EXERCISE INSTRUCTIONS:
Only the pictures should be left out; write out all other data exactly.

GIVEN MATERIAL:
--------------------------------

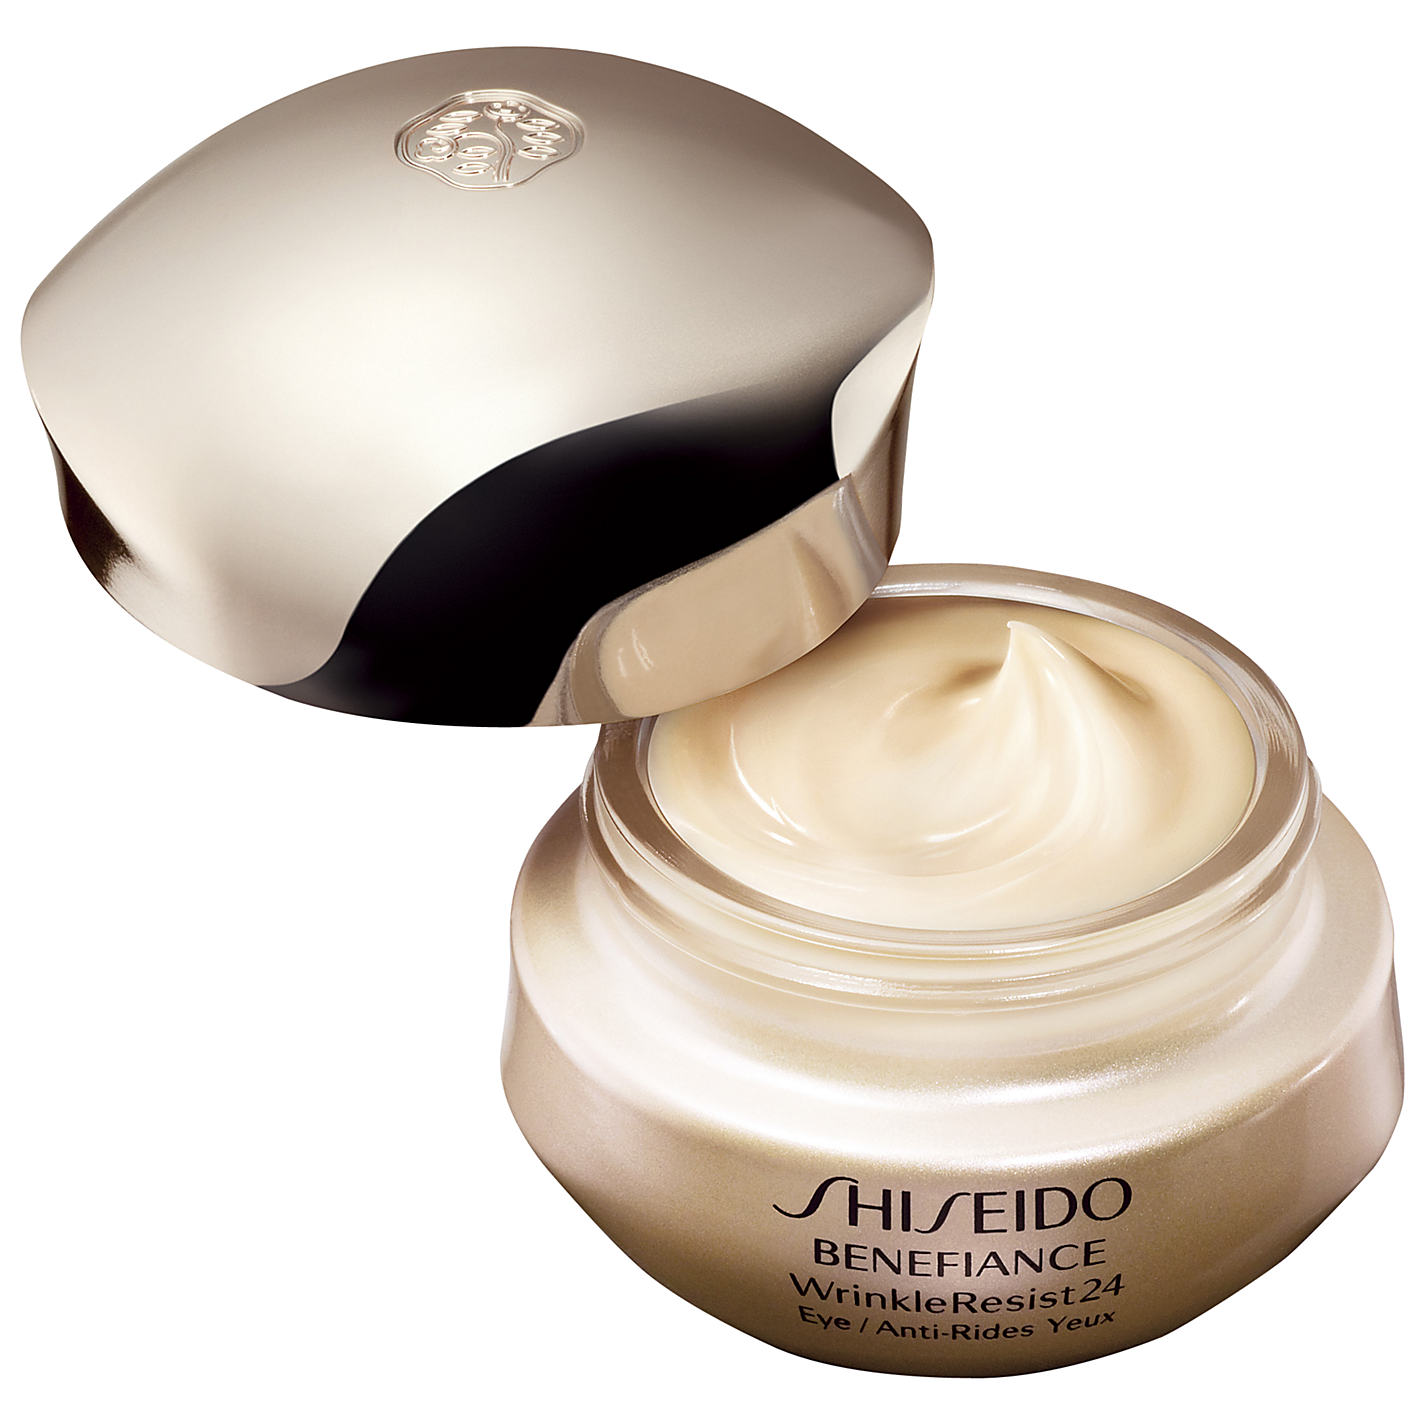 Shiseido Benefiance Wrinkleresist24 sẽ là giải pháp hữu dụng giúp bạn giữ gìn đôi mắt đẹp
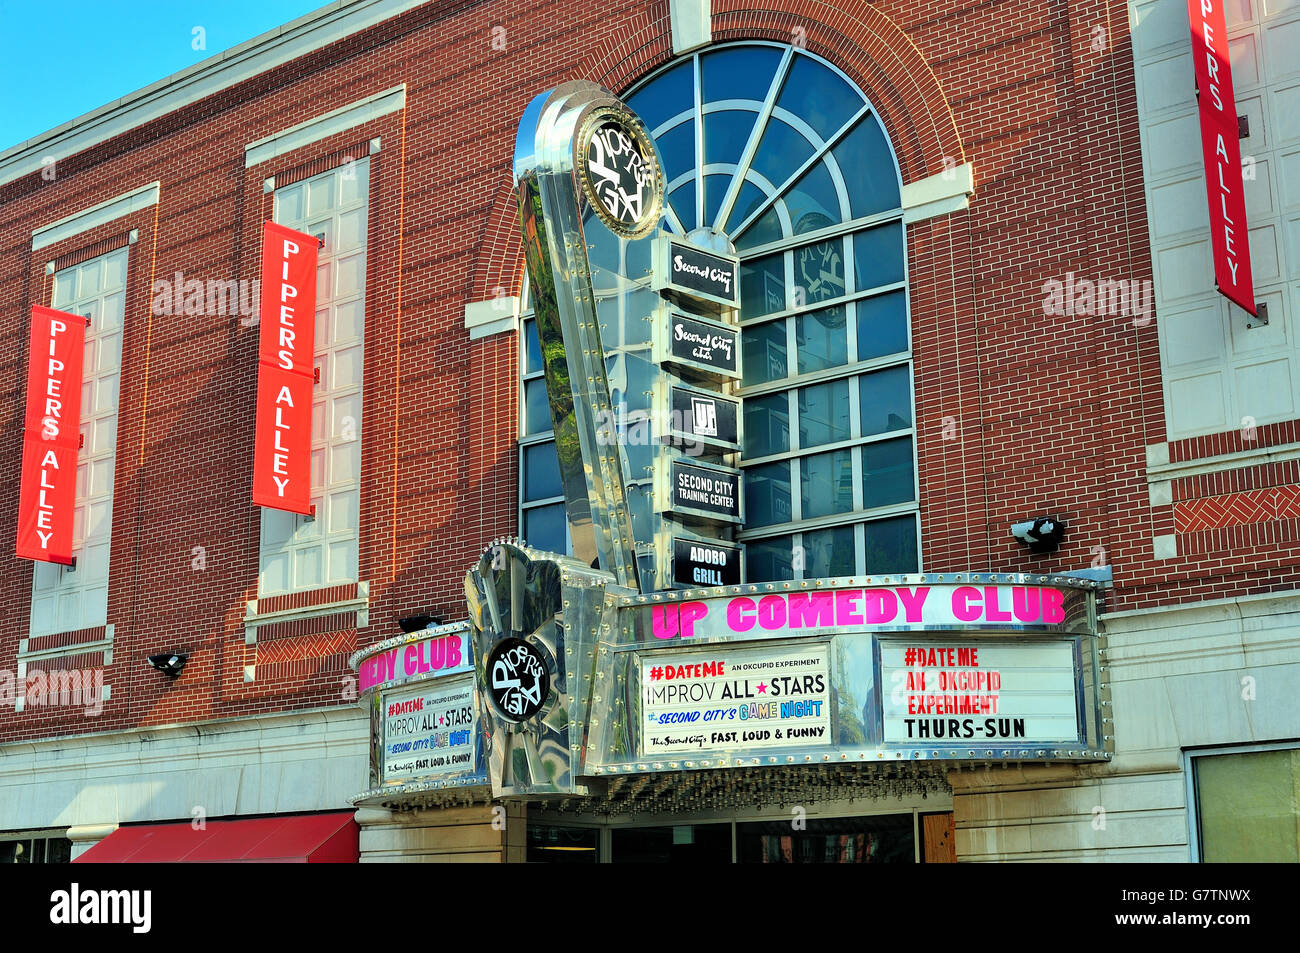 Seconda città del teatro, am improvvisative comedy club in Chicago la città vecchia. Chicago, Illinois, Stati Uniti d'America. Foto Stock
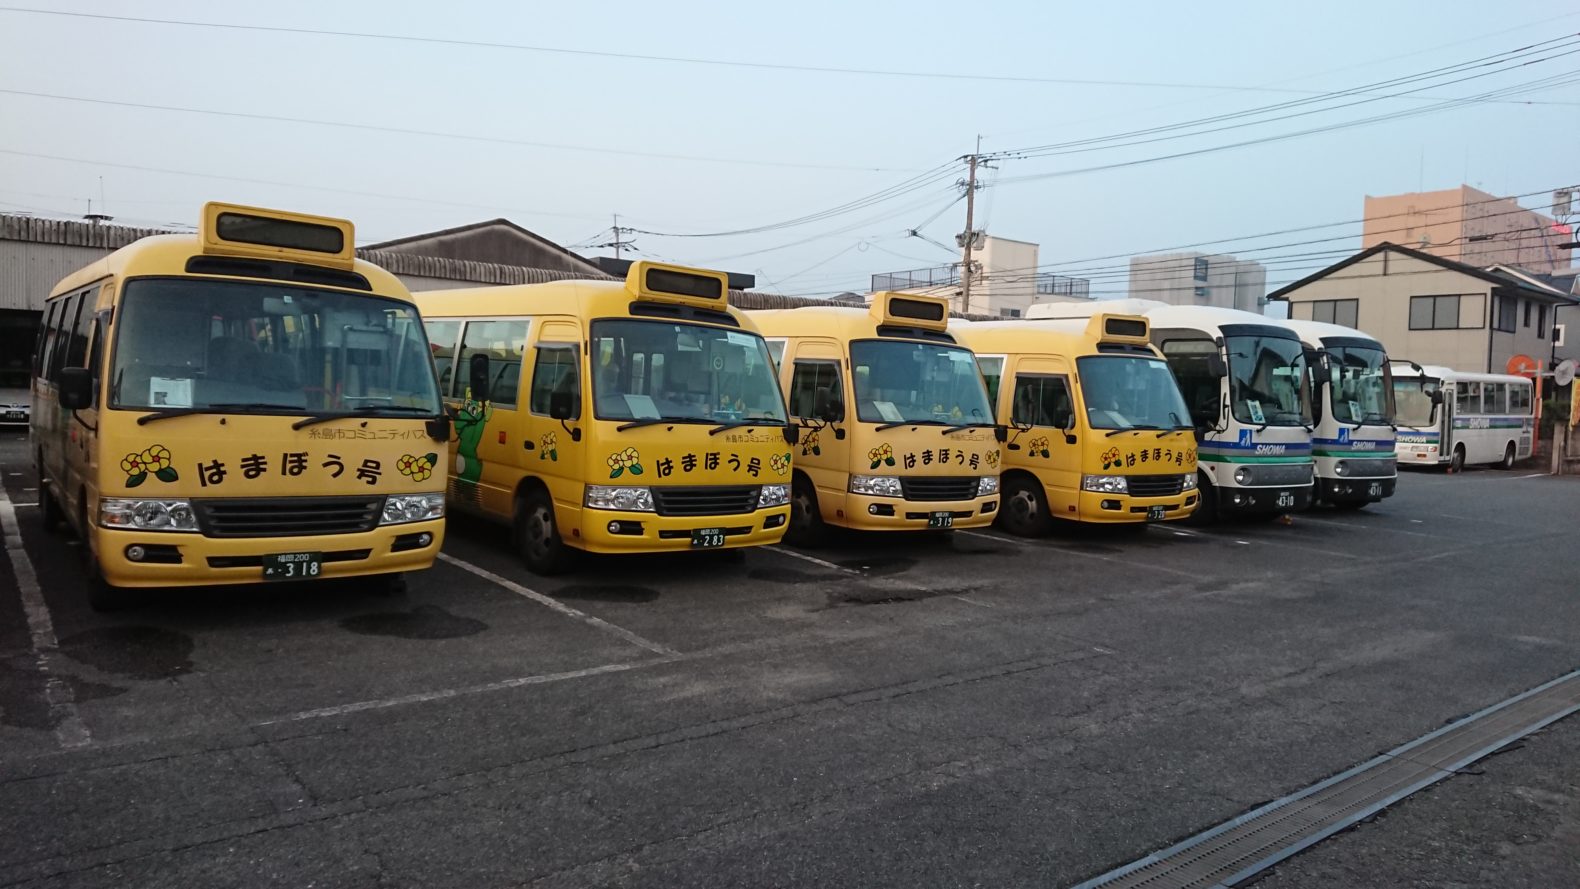 糸島市コミュニティバス はまぼう号 糸島のおでかけスポットを紹介するよ
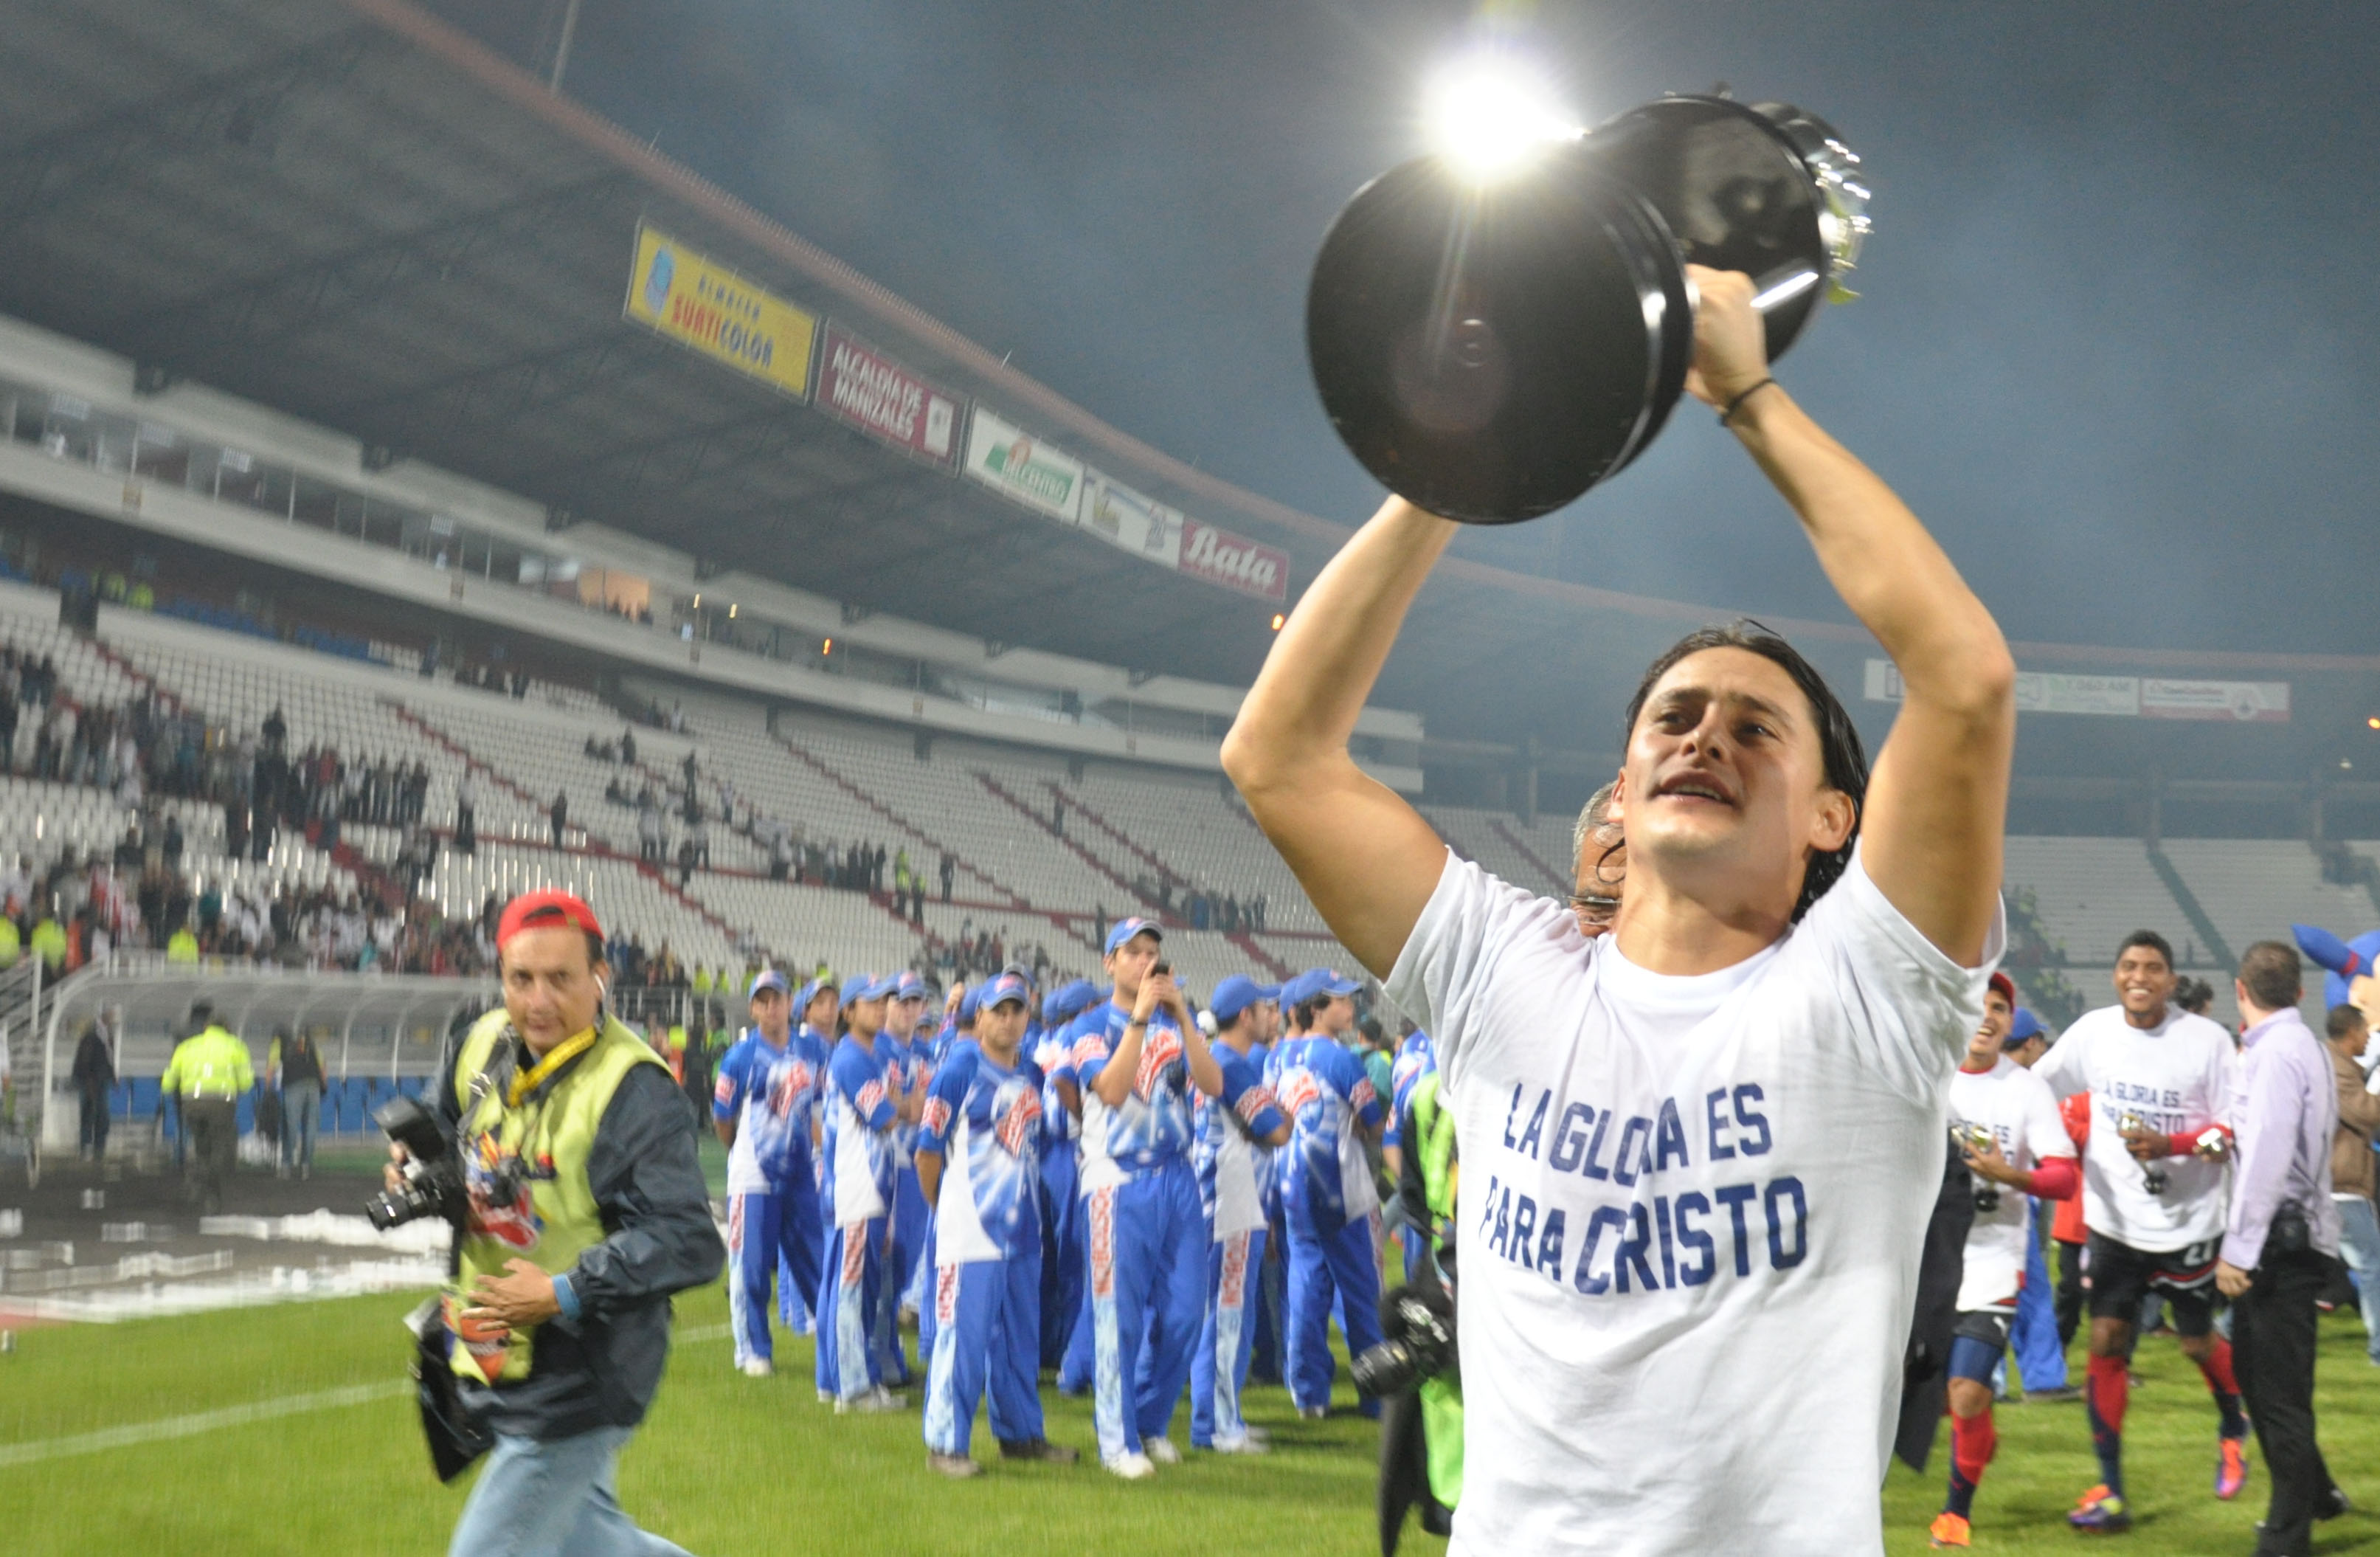 Giovanni festejando su segundo título de Liga con Junior, en Manizales (2011).

--------------------------------

EXERCISE RESULT:
 Shiseido Benefiance Wrinkleresist24 sẽ là giải pháp hữu dụng giúp bạn giữ gìn đôi mắt đẹp
 Seconda città del teatro, am improvvisative comedy club in Chicago la città vecchia. Chicago, Illinois, Stati Uniti d'America. Foto Stock
 糸島市コミュニティバス はまぼう号 糸島のおでかけスポットを紹介するよ
 Giovanni festejando su segundo título de Liga con Junior, en Manizales (2011).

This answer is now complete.